> [Problem to work on]:
In the material below, find the line containing "Екскурзия до Флоренция,Рим" and output it and all lines after it exactly, through the last one, without the pictures.

> [Data extract]:
>>

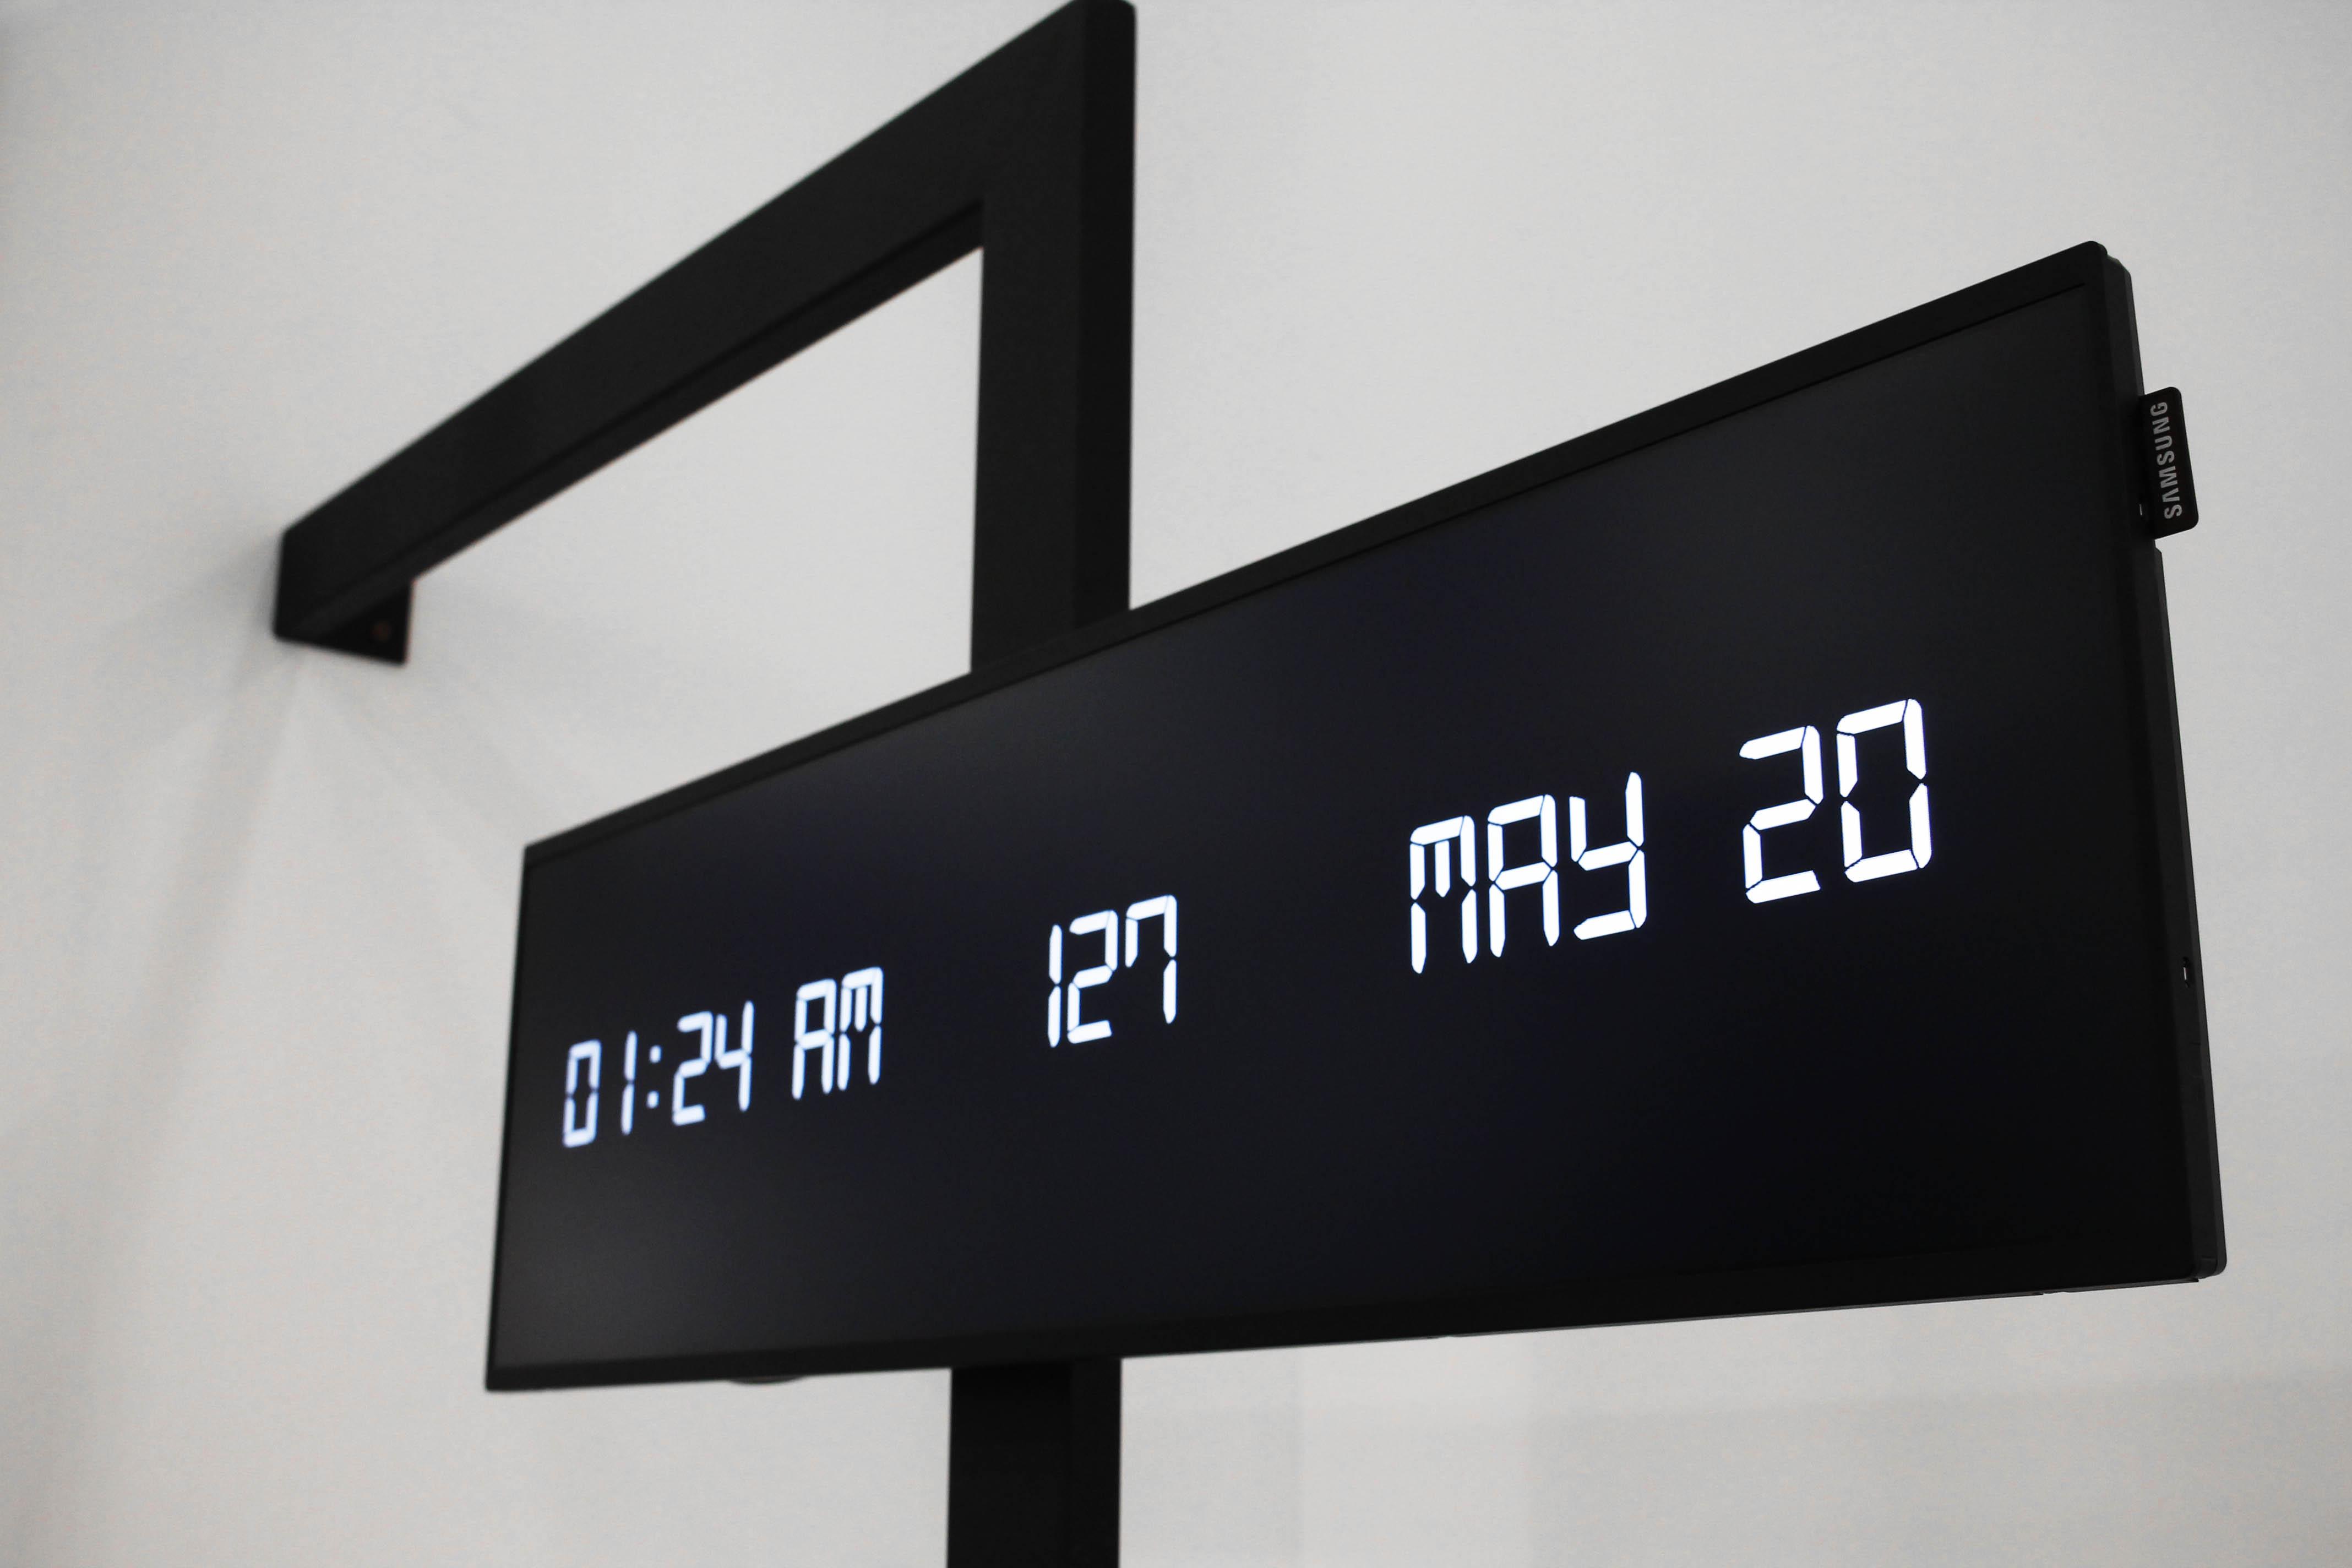 """Dettaglio 2016, 2017, monitor smart signage Samsung SH37F 37"""", cavo alimentazione, ferro zincato con verniciatura a polvere, 220 x 155 x 6,5 cm. ph. Elena Genco"""
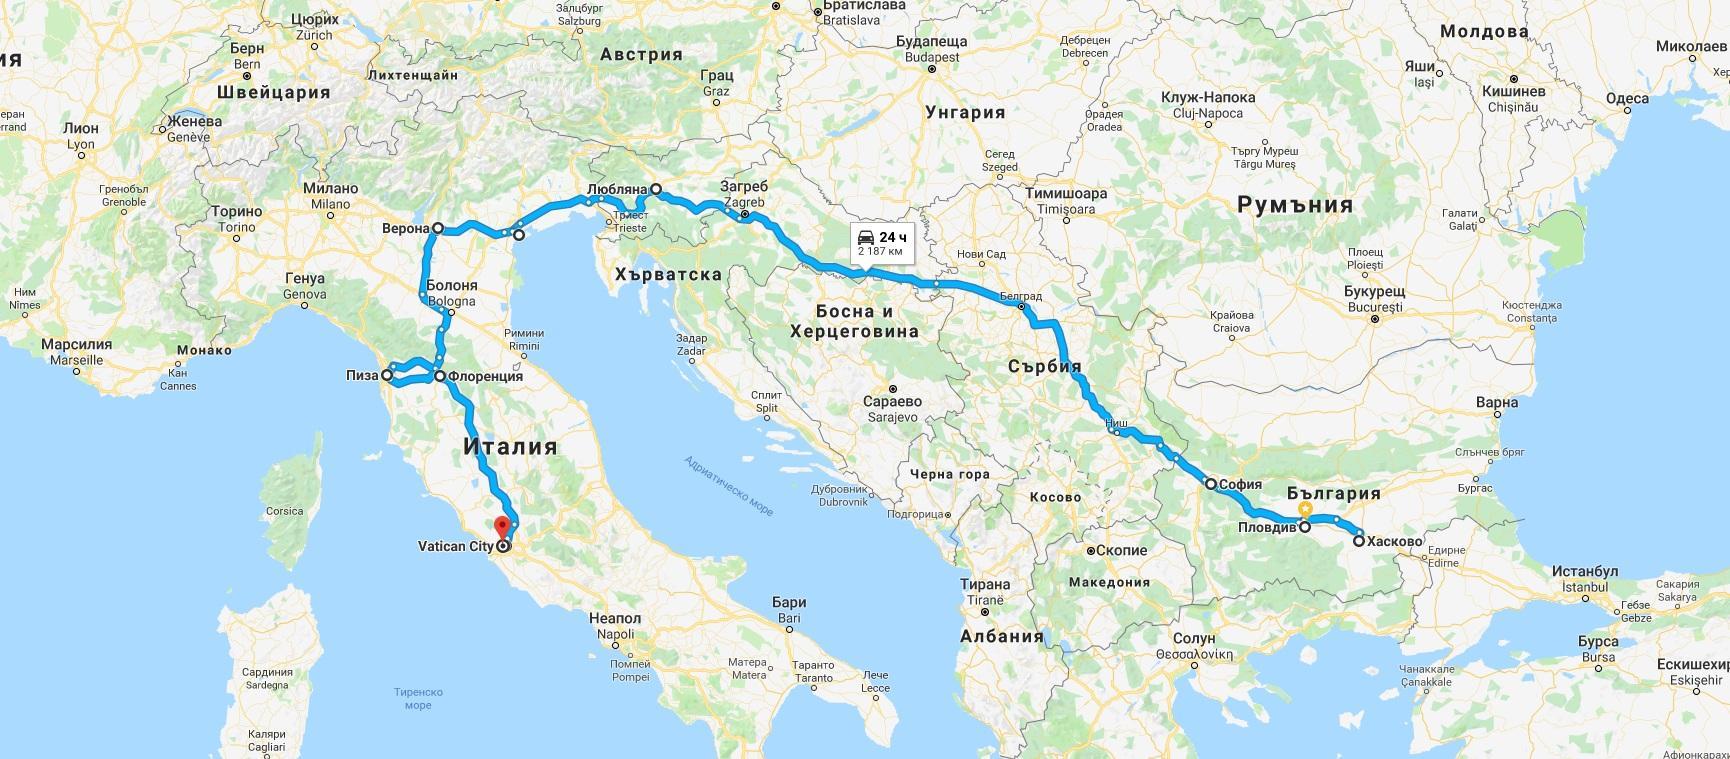 Екскурзия до Флоренция,Рим и Ватикана 16.03.2019
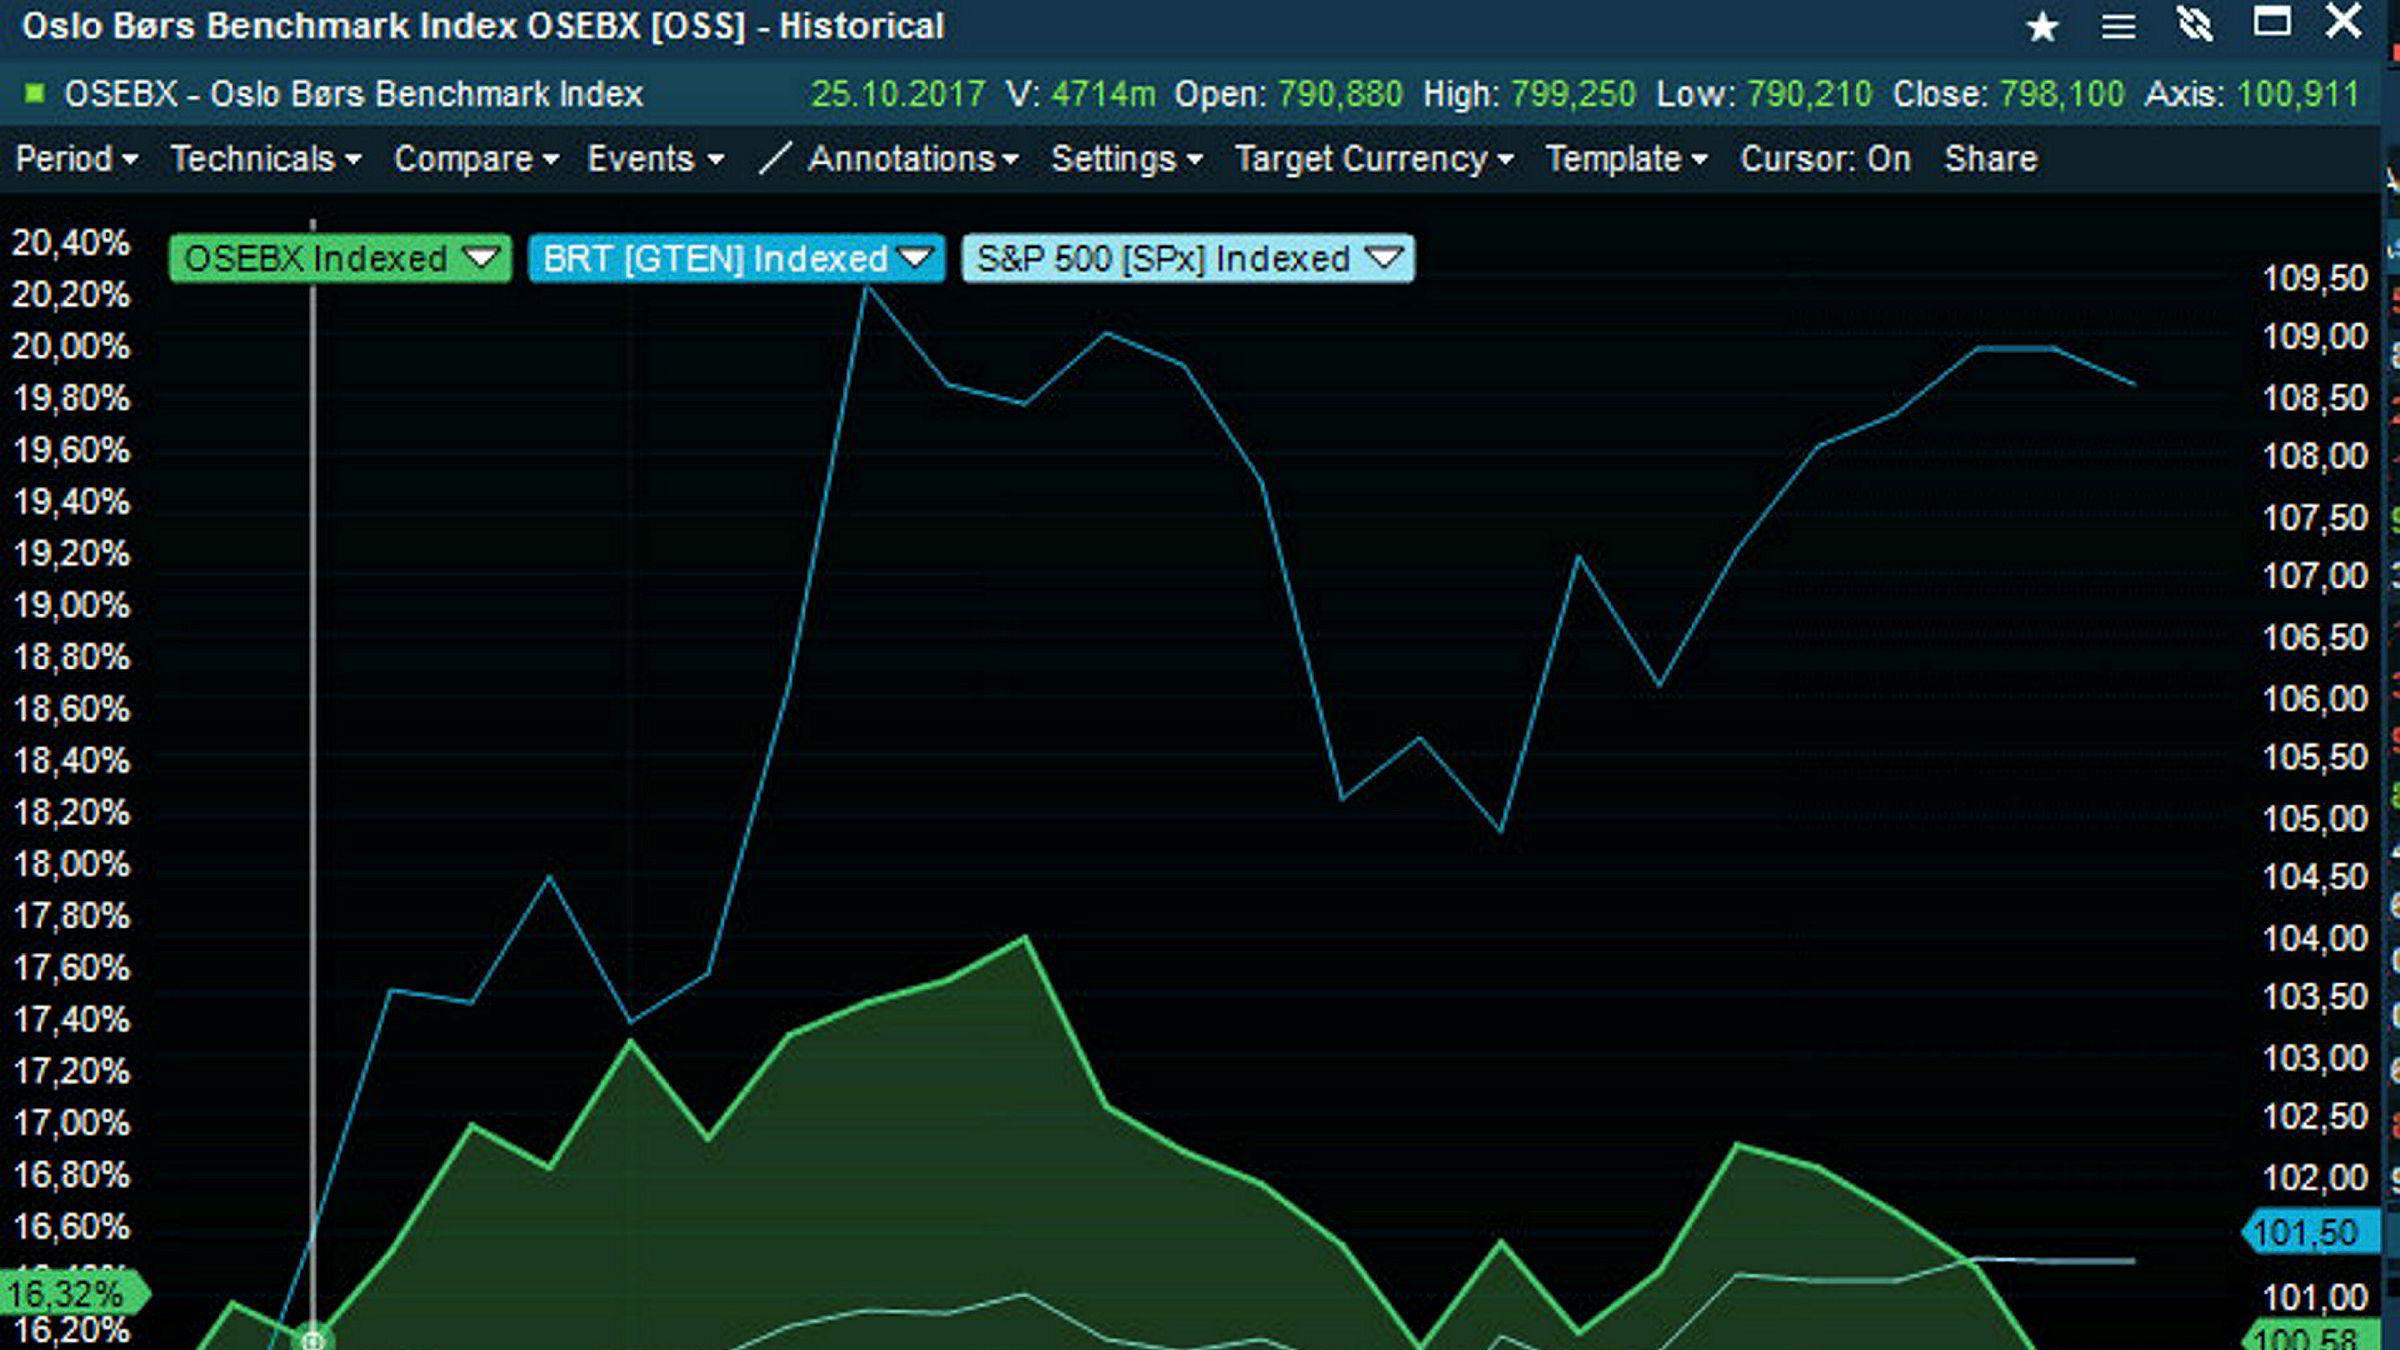 Mørkeblå strek øverst er oljeprisen. Lysegrønn strek er hovedindeksen på Oslo Børs. Lyseblå strek nederst er S&P 500.

<<

> [Result of this task]:
 Екскурзия до Флоренция,Рим и Ватикана 16.03.2019
 Mørkeblå strek øverst er oljeprisen. Lysegrønn strek er hovedindeksen på Oslo Børs. Lyseblå strek nederst er S&P 500.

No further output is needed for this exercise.